> [Task item]
The required output is a verbatim transcription of the listing, pictures excluded.

> [Material provided]
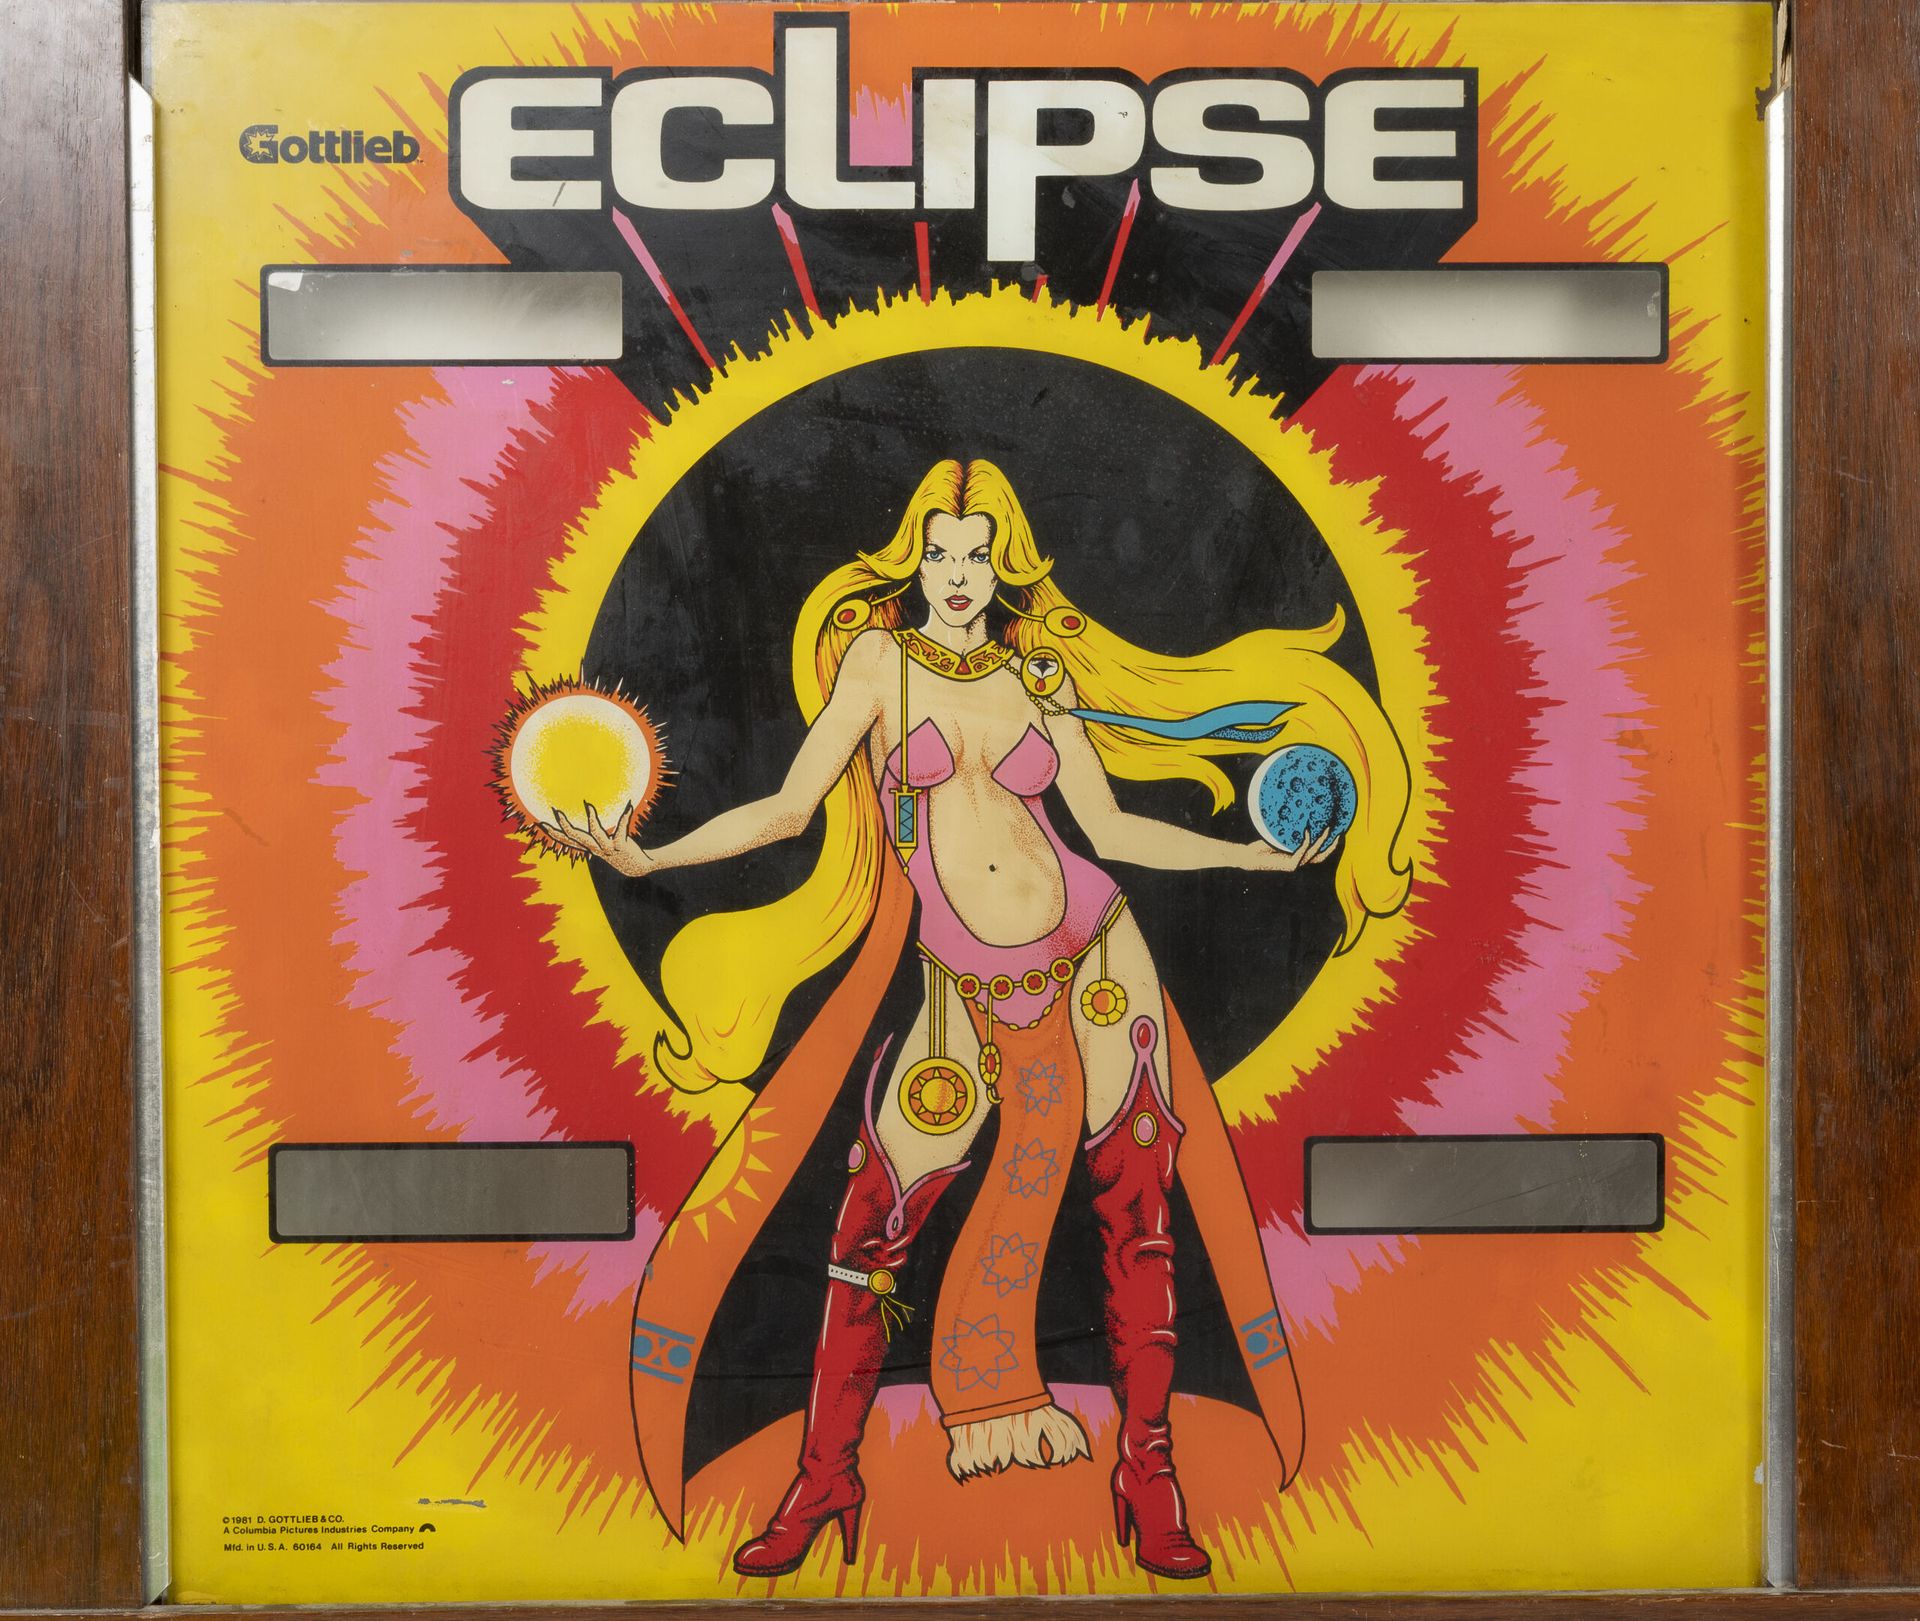 David GOTTLIEB & Co. Eclipse, 1981.

Ventana de pinball en un marco de madera.

&hellip;

> [Response to this exercise]
 David GOTTLIEB & Co. Eclipse, 1981.

Ventana de pinball en un marco de madera.

&hellip;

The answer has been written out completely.